Это были не те слова, которые Николай хотел услышать сейчас. Он продолжил говорить, касаясь старой женщины руками, то с одной стороны, то с другой. Если бы он сам знал ответ…

Был такой старый анекдот про зайца, которому охотник сначала отстрелил задние лапы, потом передние. Заяц начал прыгать на ушах, и обалдевший охотник отстрелил ему уши. Он начал подтягиваться на зубах, и подбежавший охотник, протирая глаза, уже в упор отстрелил ему и зубы. Заяц повернулся к охотнику и возмущённо спросил: «Ну фто, ну фто ты ко мне привязался?». Именно такой вопрос Николай задавал сам себе, машинально занимаясь необходимыми медицинскими и человеческими делами в пропахшей кислым пороховым запахом квартире Вдовых. Просидел он у них до половины второго ночи, под конец уже спотыкаясь от беспрерывных хождений по комнатам. Если это действительно была какая-то неклассическая, но всё же охота за ним, – как говорили за себя некоторые добавленную в и так уже переусложнённую вводную детали, – то он, похоже, упустил шанс уйти из засвеченной квартиры без шума. Лучше всего было уйти немедленно после выяснения важнейших пунктов произошедшего, когда дождавшиеся «труповозку» кадавры ещё не получили свою вполне возможную замену. Но, – тогда это было невозможным, поэтому теперь приходилось рисковать, выходя из дома глухой ночью с риском получить ответную пулю уже в подъезде. Про пистолет в мемуаре Жукова дед Лёша напоминать даже не стал. Хотя его предложение оставалось в силе, но Николай логично предположил, что существует риск нарваться не только на непонятных бандюков, воспылавших интересом к никому нафиг не нужному молодому доктору, но и на кого-то, оставленного у подъезда следователем.

Кому он нужен? Зачем? Об этом Николай думал непрерывно, шагая по скупо освещённым стылым улицам, которые сами собой вызывали ассоциации с гриппом. Окна светились весьма нечасто – у города впереди был ещё один рабочий день.
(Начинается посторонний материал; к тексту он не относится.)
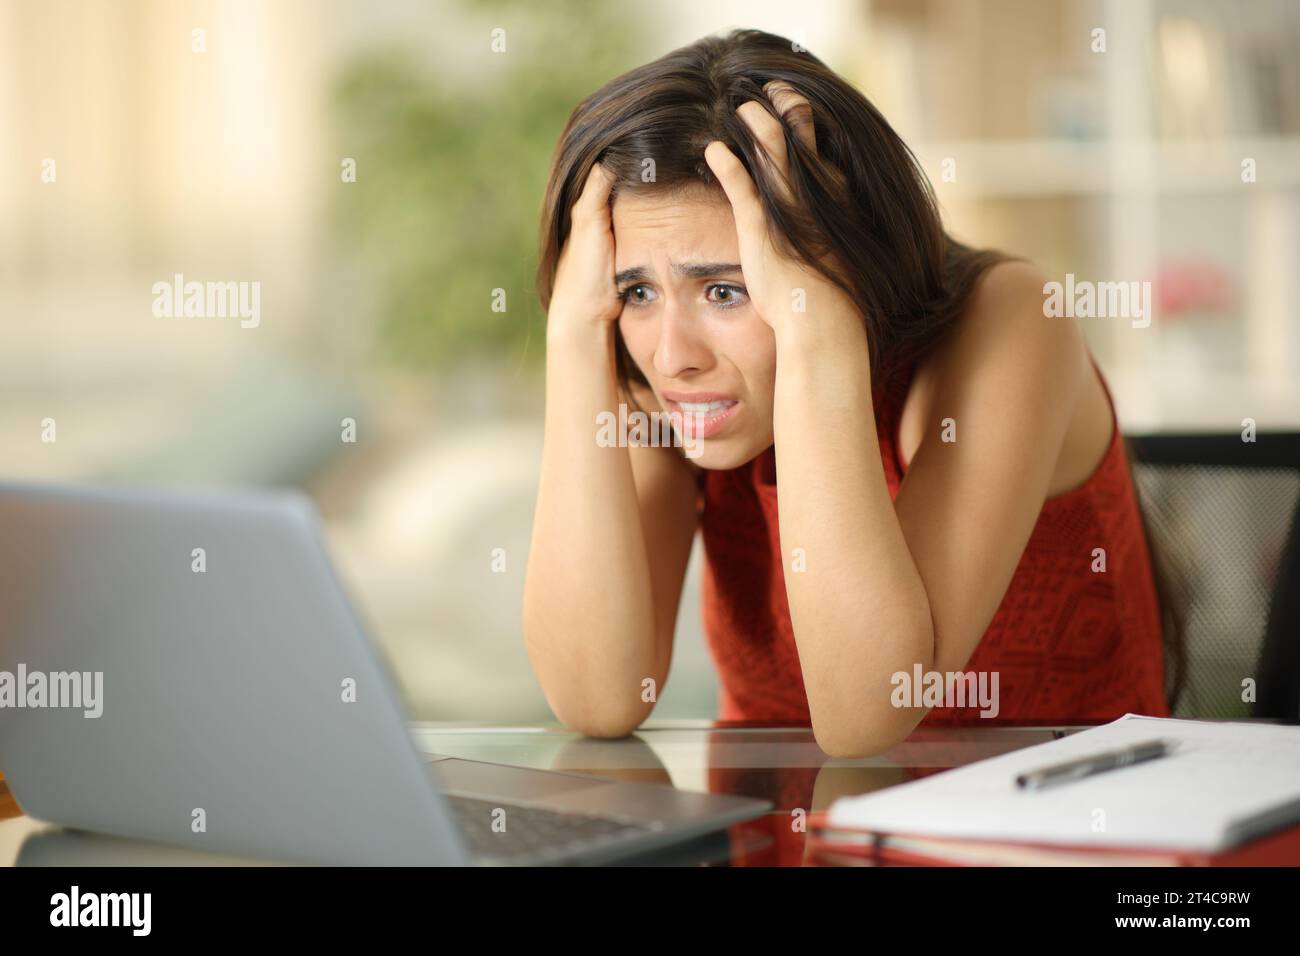 Verängstigter Student, der zu Hause schlechte Nachrichten auf dem Laptop liest Stockfoto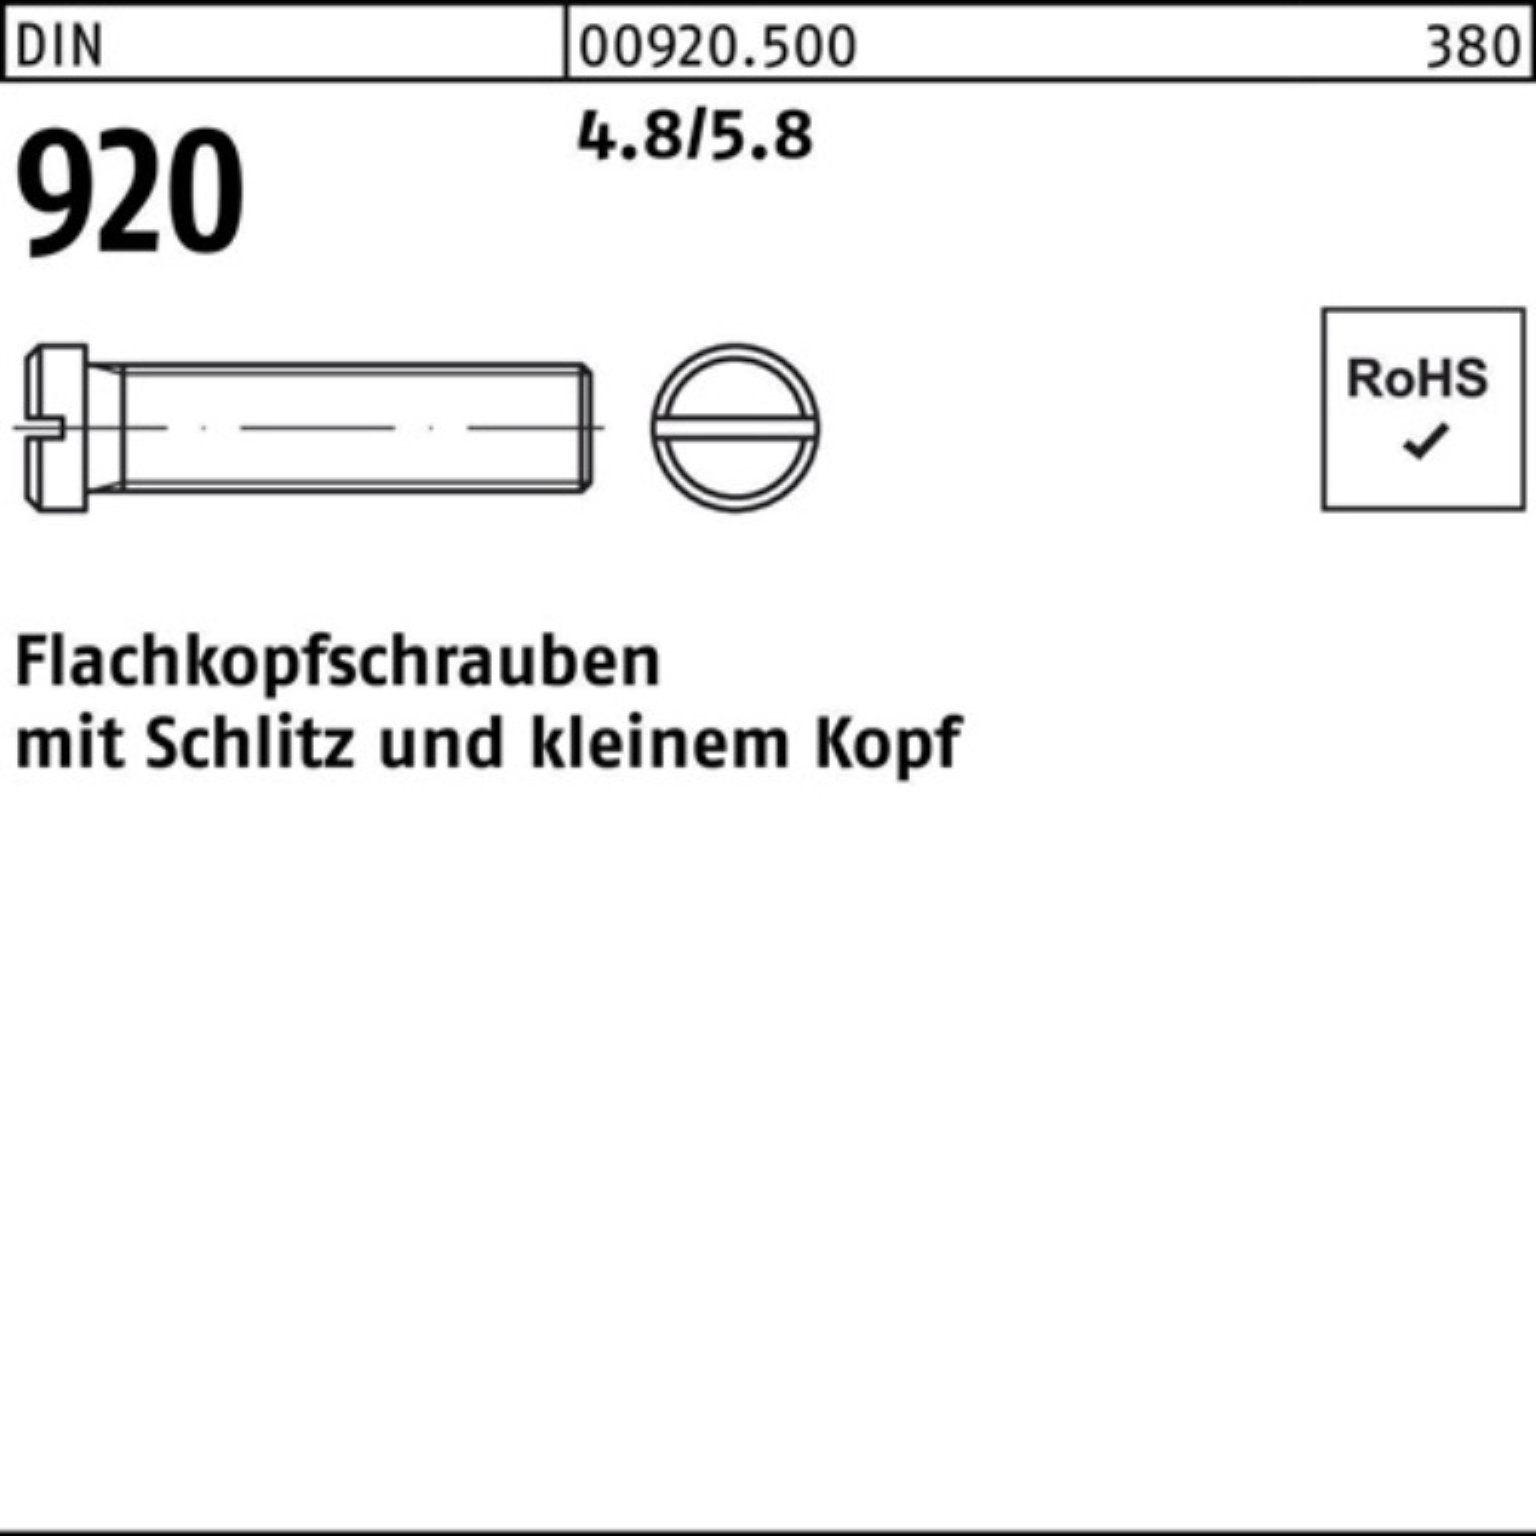 Reyher Schraube 100er Pack Flachkopfschraube 100 Schlitz 920 Stück 4.8/5.8 8 DIN M3x

Домой ему не хотелось идти никак: если за ним приходили аж к другу давно умершего деда, значит следили по крайней мере последний день. А значит – знали и его настоящий адрес. Странно тогда, что его не перехватили, когда он выбегал из собственной квартиры – но это, возможно, произошло как раз в ту временную лакуну, когда двое пришедших за ним на Посадскую были уже трупами, но об этом ещё не знал никто лишний. Приехали ли они на машине? На выходе из подъезда Вдовых Николай внимательно осмотрелся, но к «нормальным» машинам соседей он раньше не приглядывался, да и наверняка этот вопрос задали себе и сами милиционеры: всё же они понимали в расследовании убийств и грабежей гораздо больше его.

В новом витке ситуации Николай видел теперь интересное и сложное перераспределение долей печального и страшного. Страшным было то, что неизвестные люди, с понятными конкретными тактическими, но совершенно неясными оперативными целями пришли убить близких ему людей – причём даже стоящих в стороне, не связанных с ним родственными узами. Кто будет следующими: родители, сестра? Николай не собирался отходить от своей объявленной деду Лёше программы – работать на отделении как ни в чём не бывало. Позицию «бесплатного» интерна на кафедре, добытую чудом, терять было нельзя, чего бы это не стоило. Даже если он не сможет работать с прежней эффективностью, рожей на отделении надо было торговать до последнего вздоха. Или тогда уж сразу забирать документы и идти туда, куда идут остальные молодые врачи: в третьеразрядные фармацевтические офисы, в сельские больницы, в войска. Везде люди живут.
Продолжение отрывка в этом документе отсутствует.